In fact, I am certain without her expert help I would have given up long ago and I cannot highly recommend enough anyone considering taking up barefoot running to make contact with Clare."
As a qualified Natural Running Coach, I have the knowledge and experience of coaching people to become “natural” and efficient runners. I am constantly updating my natural running guide - “HSM goes Barefoot.” It is full of background information on the subject, shows you the ideal technique, highlights a variety of barefoot technologies which can be trialled at Ironbridge Runner and the 13 stage adaptation programme to get you running naturally.
This pack can be obtained from attending one of my natural running sessions:
An Introduction to Natural Running: A 2-hour session (£50), including a natural running pack, a consultation, a gait Analysis provided by The Running Gait Analysis, an initial natural session and a sports massage provided by Hodgson Sports Massage.
Level 1 Natural Running Package: includes all of the above, plus 2 follow up appointments including natural running sessions and sports massage appointments (£100).
Level 2 Natural Running Package: includes everything within the Introduction package, plus 6 follow up sessions incorporating progressive natural running sessions and sports massage treatments. Once completed, the individual will feel very confident and comfortable to carry on running naturally without supervision. I will still be available to provide advice via phone or email if the individual requires.
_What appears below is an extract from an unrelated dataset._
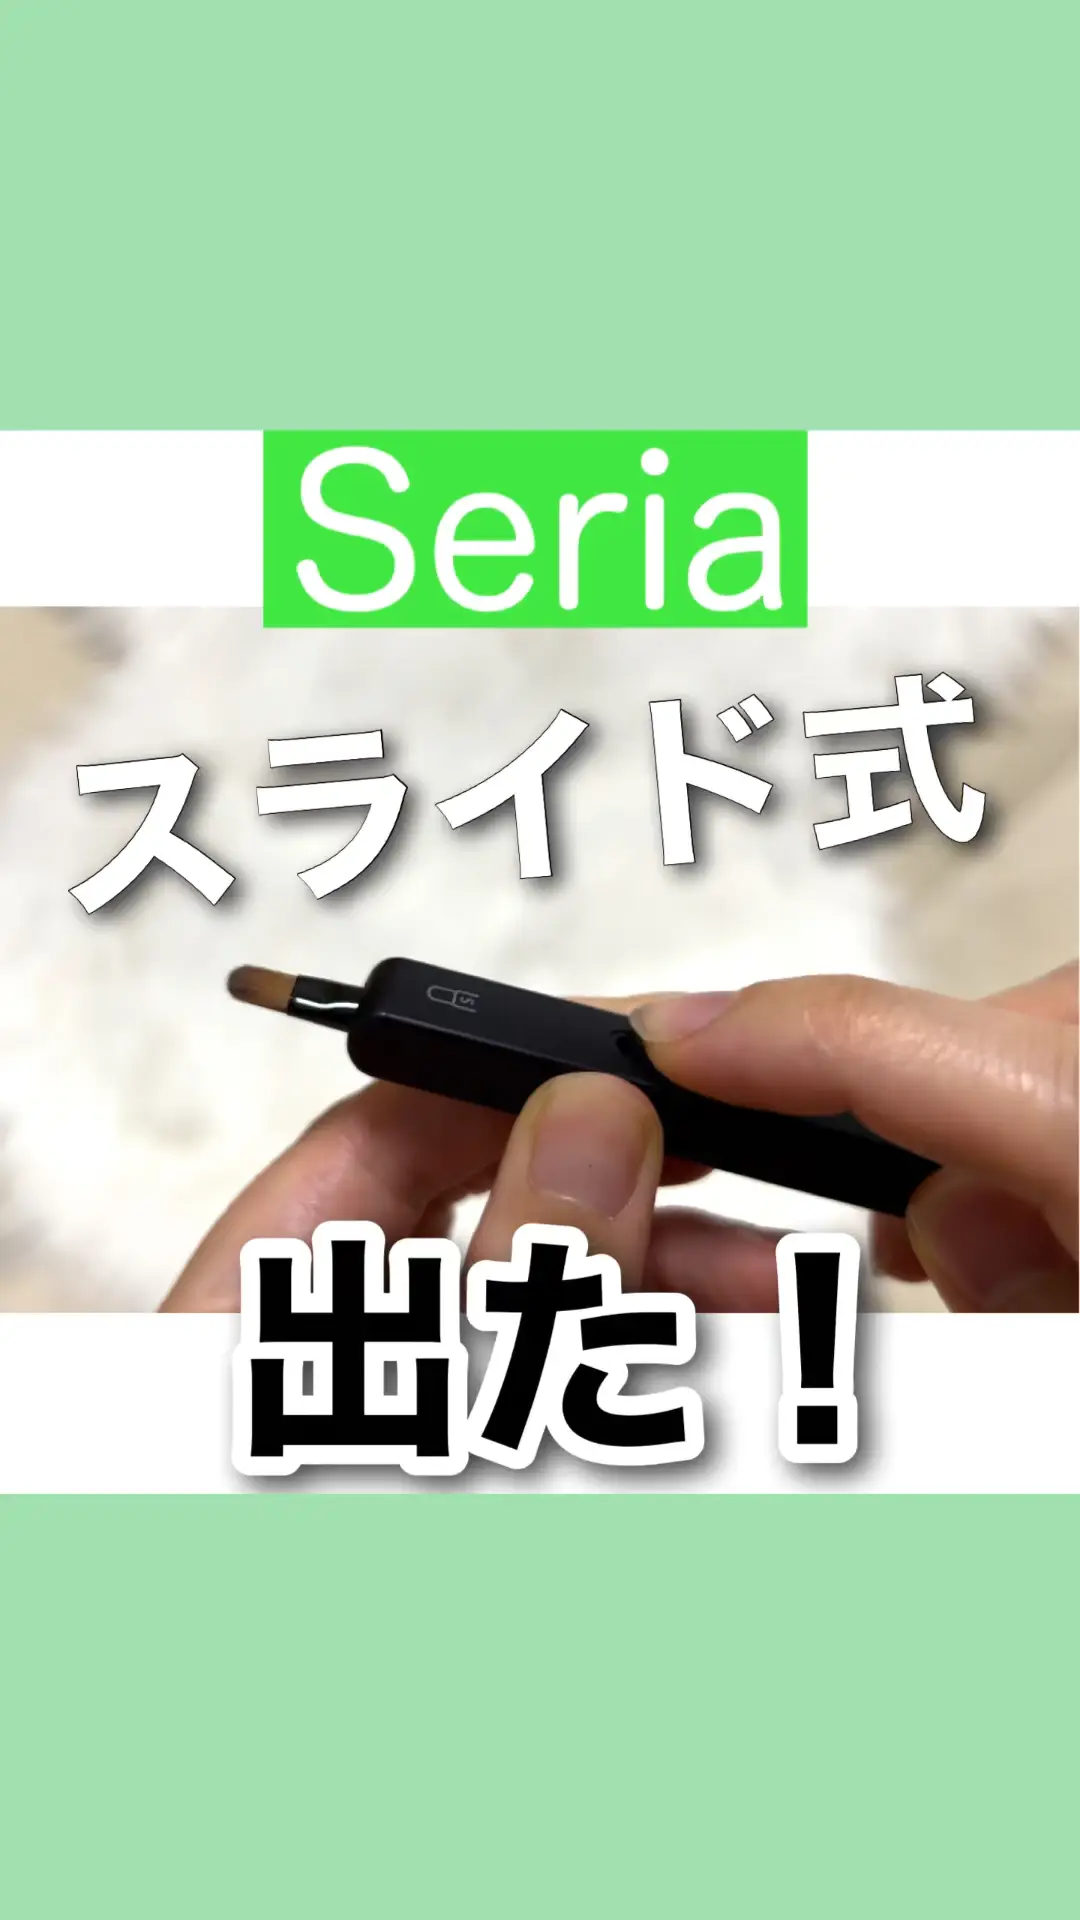 【100均購入品】メイクブラシにスライド式出た!!Seriaセリア新商品

The terms natural running and barefoot running can be interchangeable; when running barefoot you aim to run naturally; when running naturally it’s not essential to run barefoot. When I talk about barefoot, I don’t just mean running no footwear or shoes, it also incorporates running with barefoot technologies such as the Vibram 5-fingers, Vivobarefoot and other minimalistic trainers including racing flats such as the Adidas Adizero Adios.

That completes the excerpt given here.